He recommended the legislature examine the use of interest-rate swaps by the state's municipalities and authorities.

CALIFORNIA

Ruling expected Tuesday on same-sex marriage ban

SAN FRANCISCO — A federal appeals court plans to announce whether it thinks California's same-sex marriage ban violates the civil rights of gays and lesbians, and whether the trial judge who struck down the voter-approved measure should have revealed he was in a long-term relationship with another man.

The 9th U.S. Circuit Court of Appeals said a three-judge panel was ready to publish its long-awaited opinions Tuesday on the ban and on the possible conflict-of-interest by former Chief U.S. Judge Vaughn Walker, who ruled that Proposition 8 did not pass constitutional muster.

Judge Walker presided over the first trial in federal court to examine whether same-sex couples have a constitutional right to get married.

Even if the 9th Circuit panel agrees with him and overturns the ban approved by voters in November 2008, same-sex marriages are unlikely to resume in California any time soon. Supporters and opponents of Proposition 8 have said they would appeal to the U.S. Supreme Court if they lose in the intermediate court.

Some legal observers believe the written heads-up the court gave Monday indicates it concluded there is no reason why Judge Walker should have disclosed his relationship status while he had the case.

The panel heard arguments on the ban's civil rights implications more than a year ago, but it delayed a decision while it sought guidance from the California Supreme Court on whether Proposition 8's sponsors had legal authority to challenge Judge Walker's ruling after the governor and state attorney general decided not to appeal it.

TEXAS

Judge says he can't block state sonogram requirement

AUSTIN — A federal judge will not attempt to block a Texas law requiring women to have a sonogram before having an abortion.

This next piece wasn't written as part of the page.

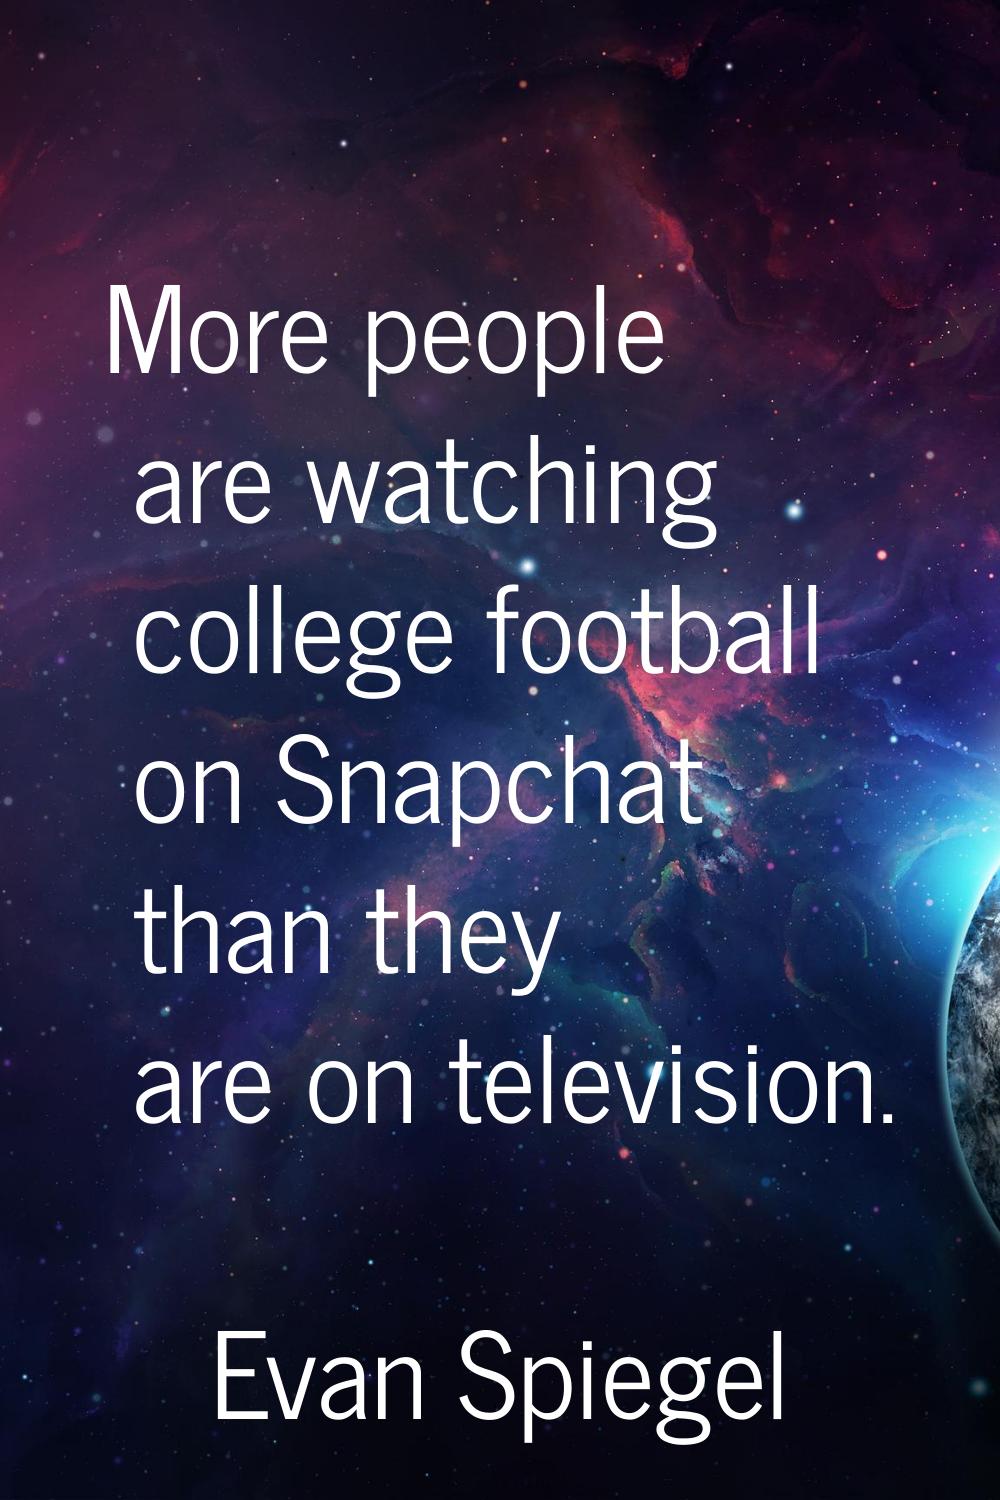 More people are watching college football on Snapchat than they are on television.

District Judge Sam Sparks previously ruled parts of the law unconstitutional, but a federal appeals court overturned his decision last month. Judge Sparks said Monday that he has to follow the higher court's order and it wants the law in place.

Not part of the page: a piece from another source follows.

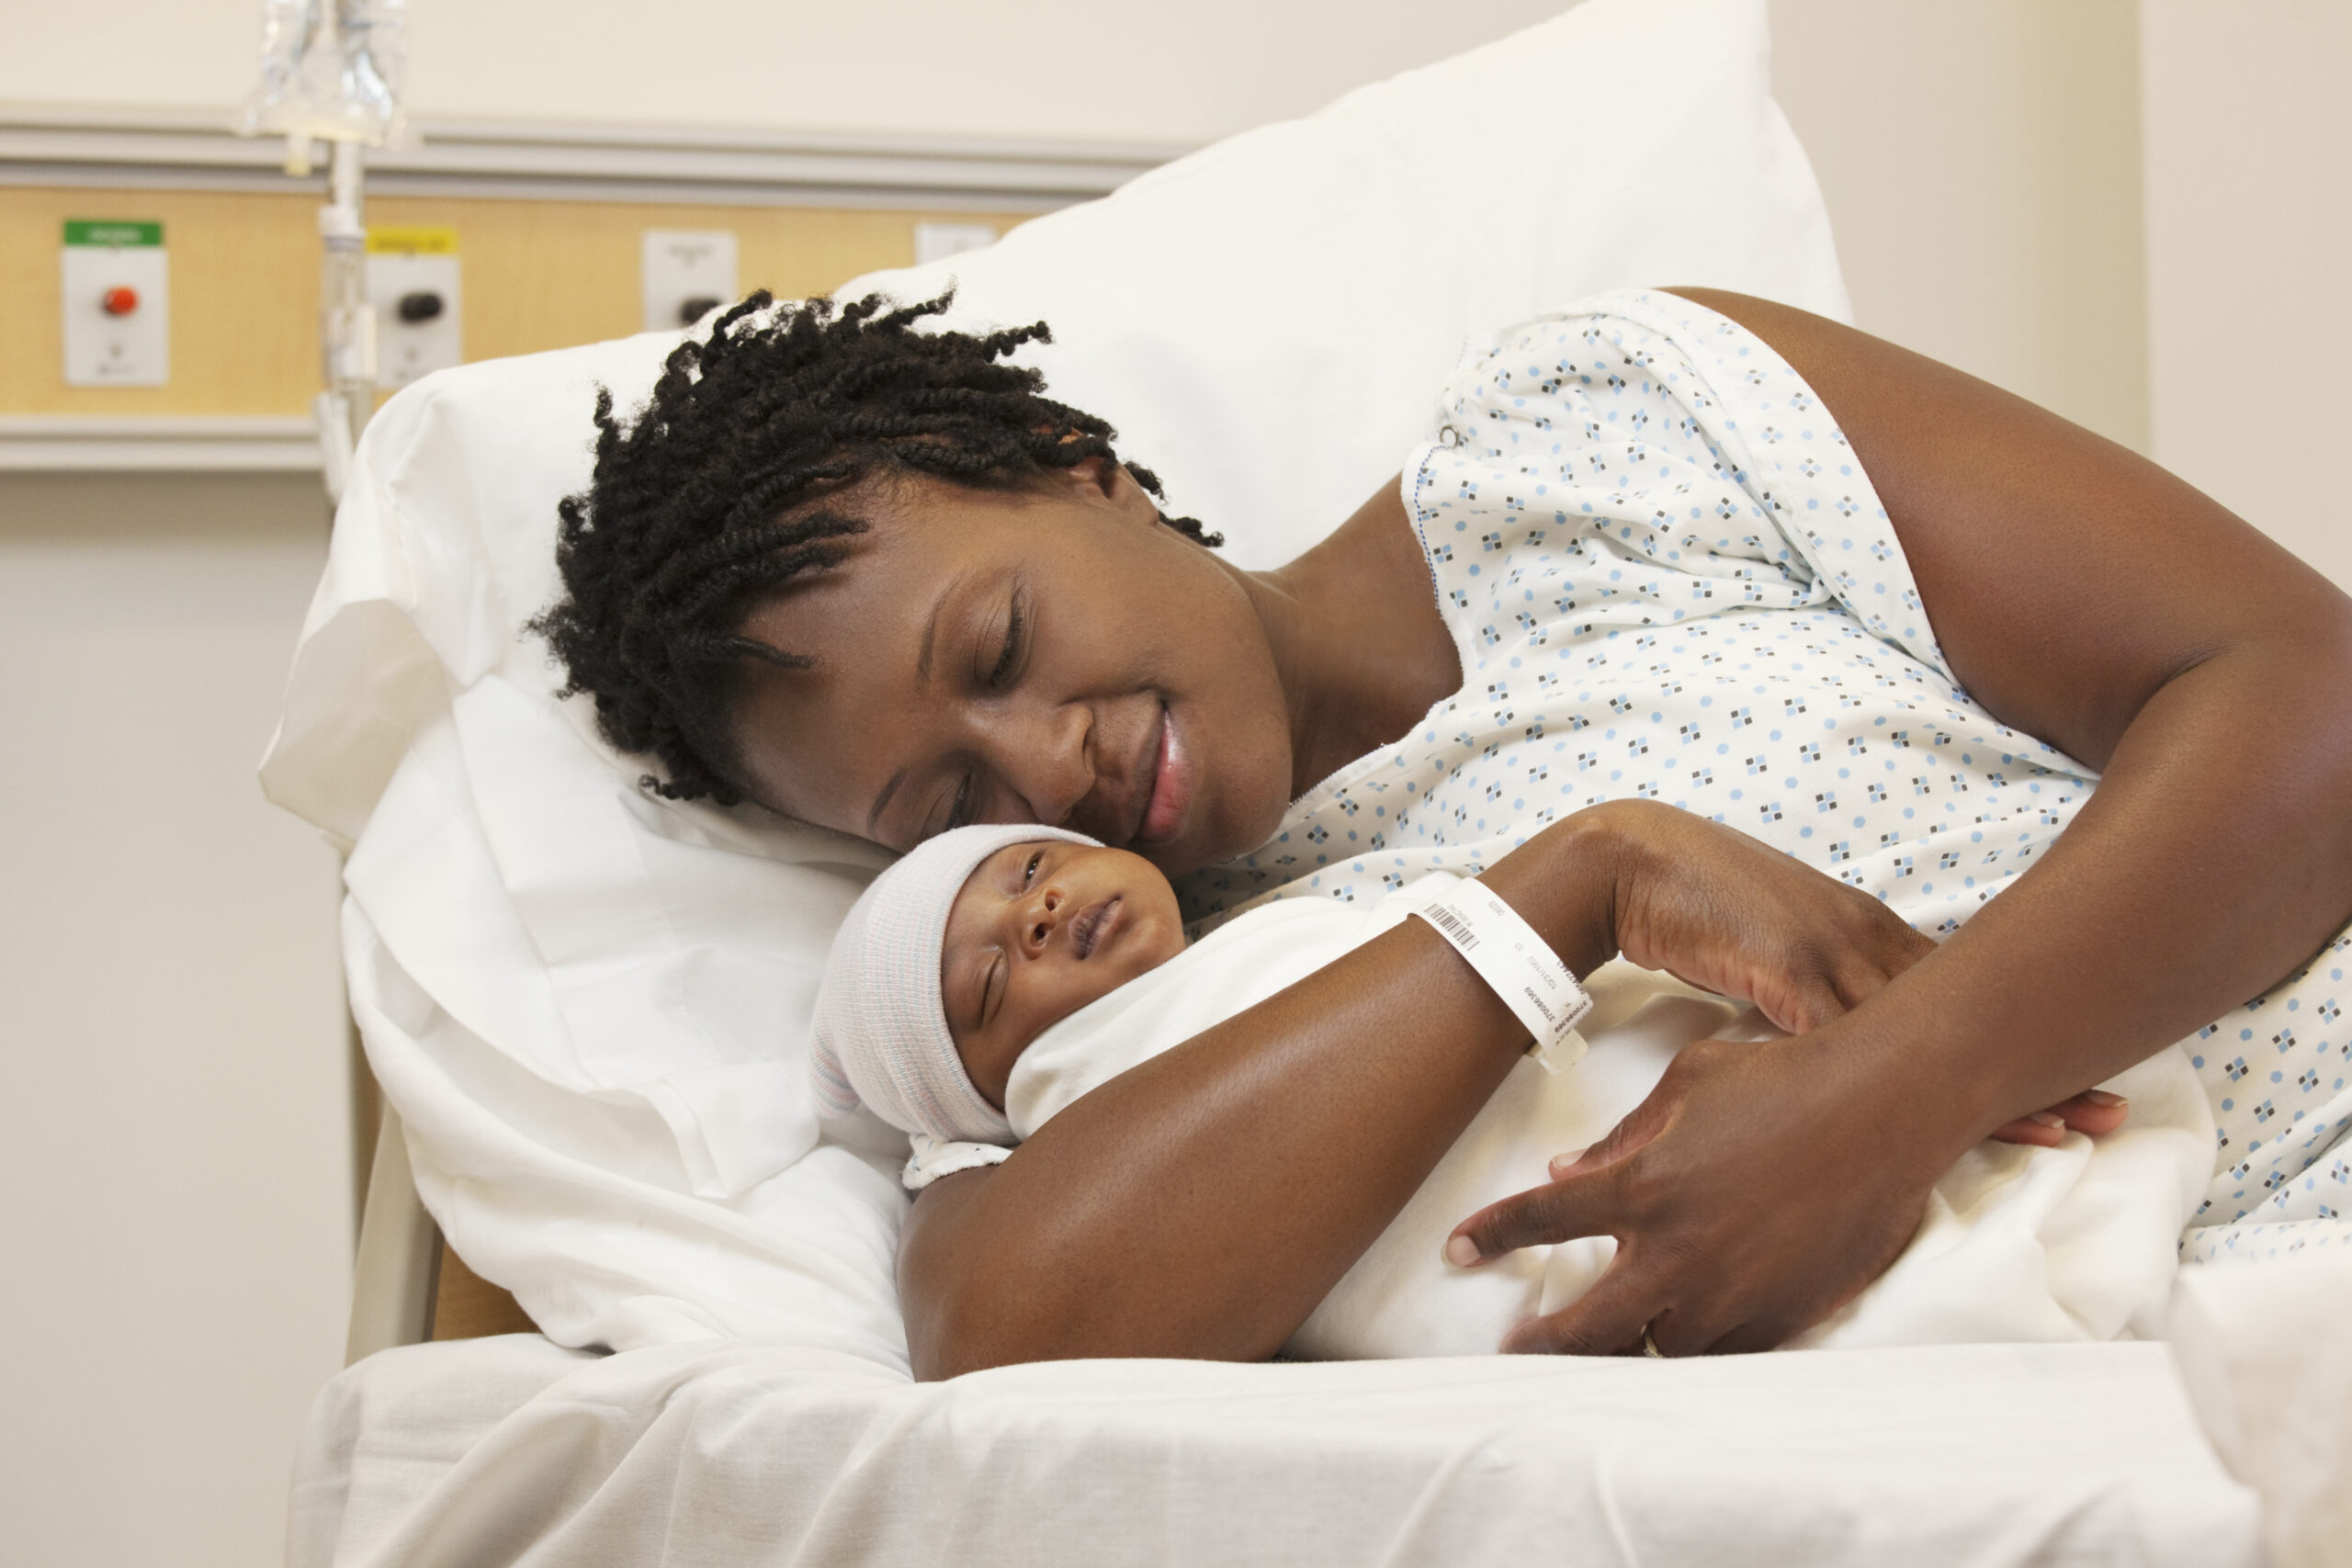 Maternal Health Care is Failing Black Women, Poll Finds

The New York-based Center for Reproductive Rights says it will continue to pursue appeals to block the law requiring doctors to show women images of their sonograms, to play fetal heartbeats aloud and describe the features of a fetus at least 24 hours before an abortion.

The law has exceptions in cases of rape, incest, fetal deformity and for women who travel great distances to a doctor.

ILLINOIS

Cabbie pleads guilty in terrorism case

CHICAGO — A Pakistani-born Chicago taxi driver pleaded guilty to attempting to provide material support to al Qaeda as part of a plea deal hammered out recently with prosecutors.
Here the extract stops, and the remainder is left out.